**TO DO:** In the material below, pictures must be dropped. Repeat exactly, and only, the lines from the line with "Damske sandále zelené" to the line with "Coronavirus in Campania, bollettino", both ends included.

**DATA:**

= Beginning of Section =

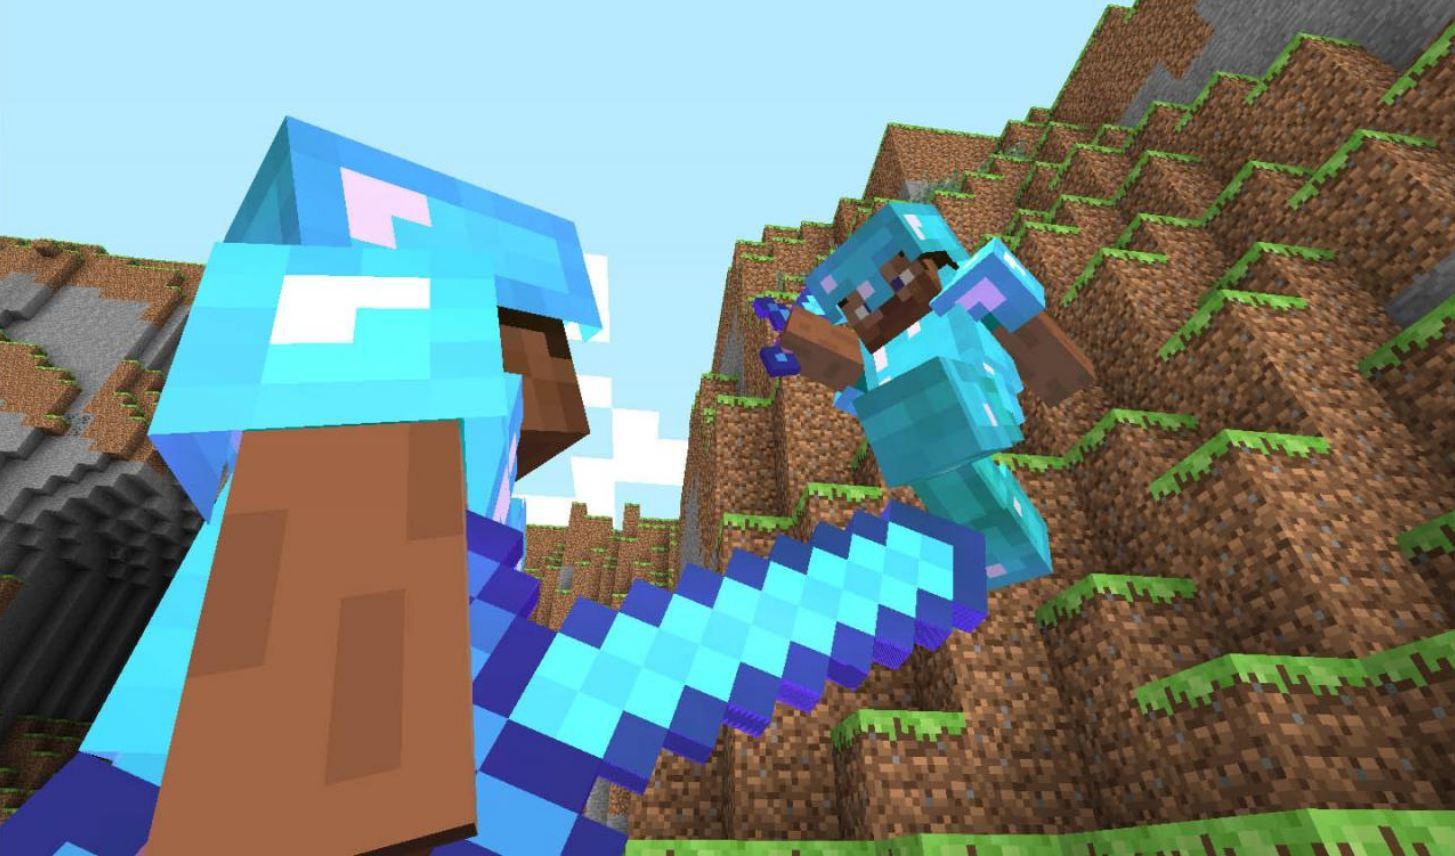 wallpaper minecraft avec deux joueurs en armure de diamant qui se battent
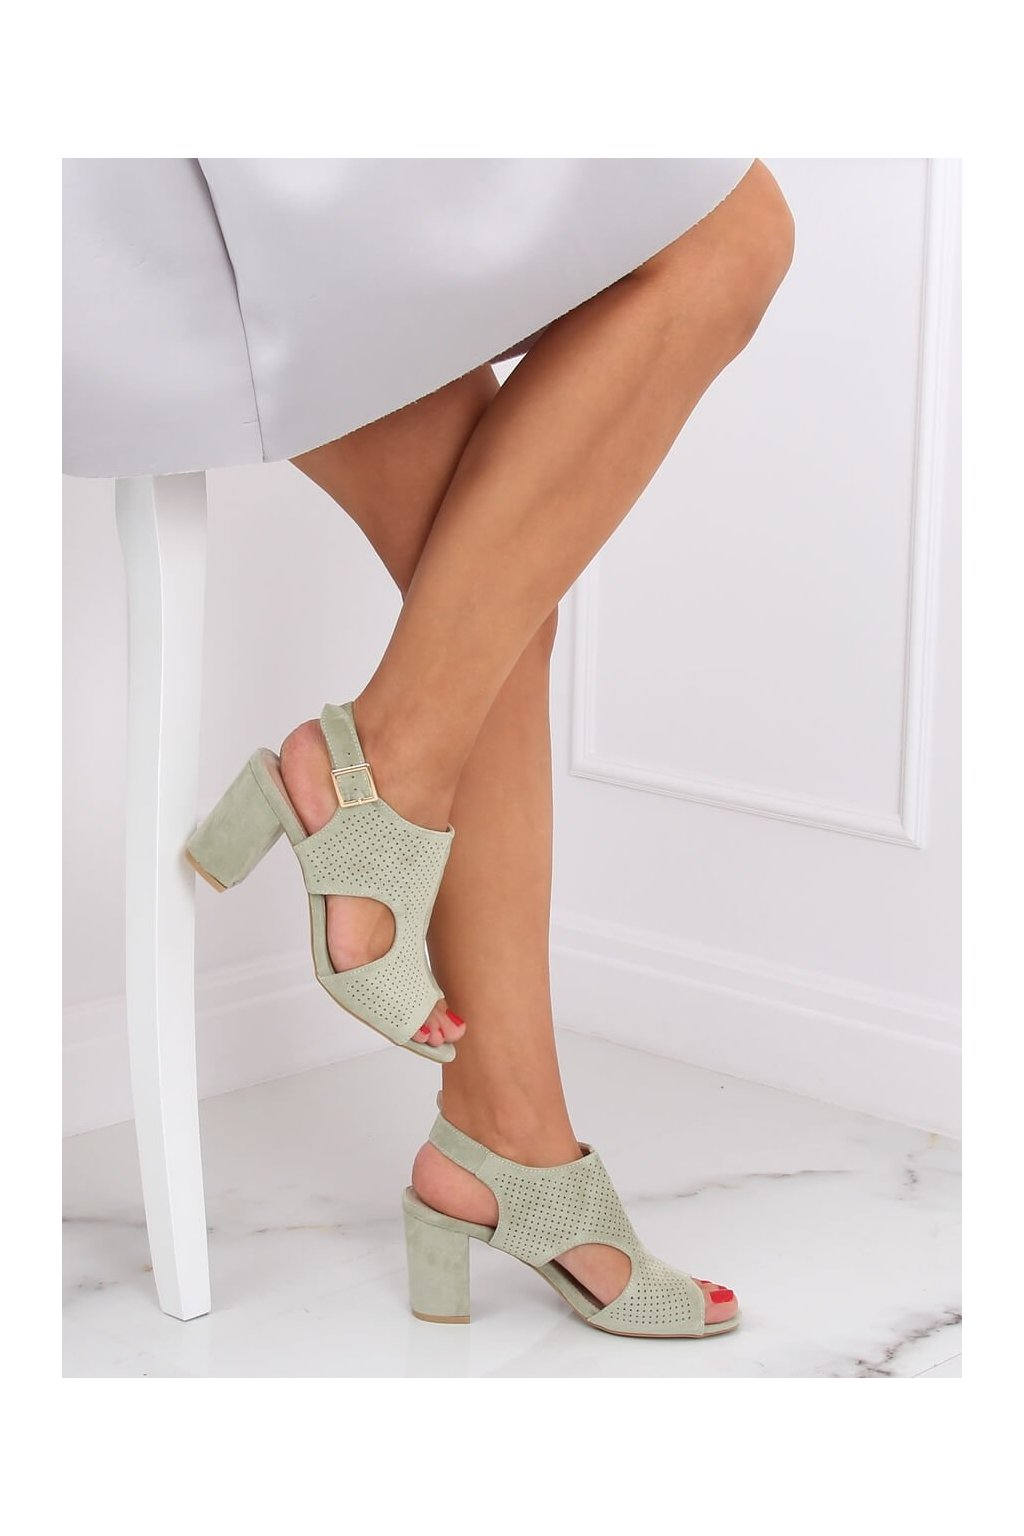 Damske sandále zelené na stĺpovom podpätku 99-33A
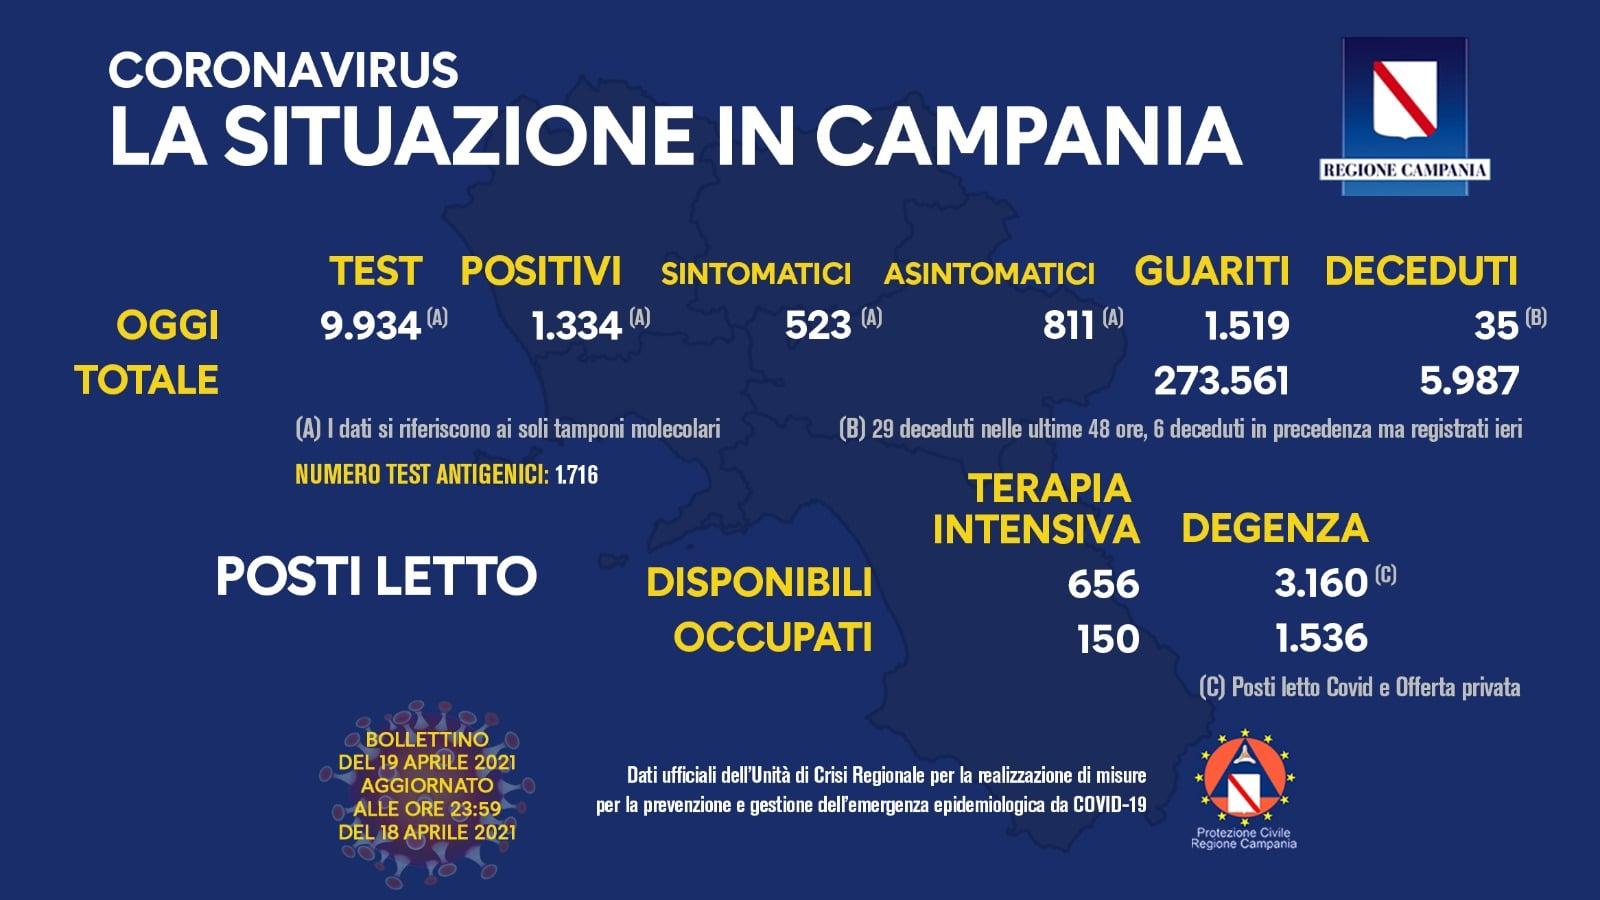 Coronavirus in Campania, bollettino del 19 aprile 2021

= End of Section =
= Beginning of Section =

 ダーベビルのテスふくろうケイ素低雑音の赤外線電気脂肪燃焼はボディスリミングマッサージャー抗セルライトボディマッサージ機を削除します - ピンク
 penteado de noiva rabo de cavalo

= End of Section =

**SOLUTION FOR THIS TASK:**
 Damske sandále zelené na stĺpovom podpätku 99-33A
 Coronavirus in Campania, bollettino del 19 aprile 2021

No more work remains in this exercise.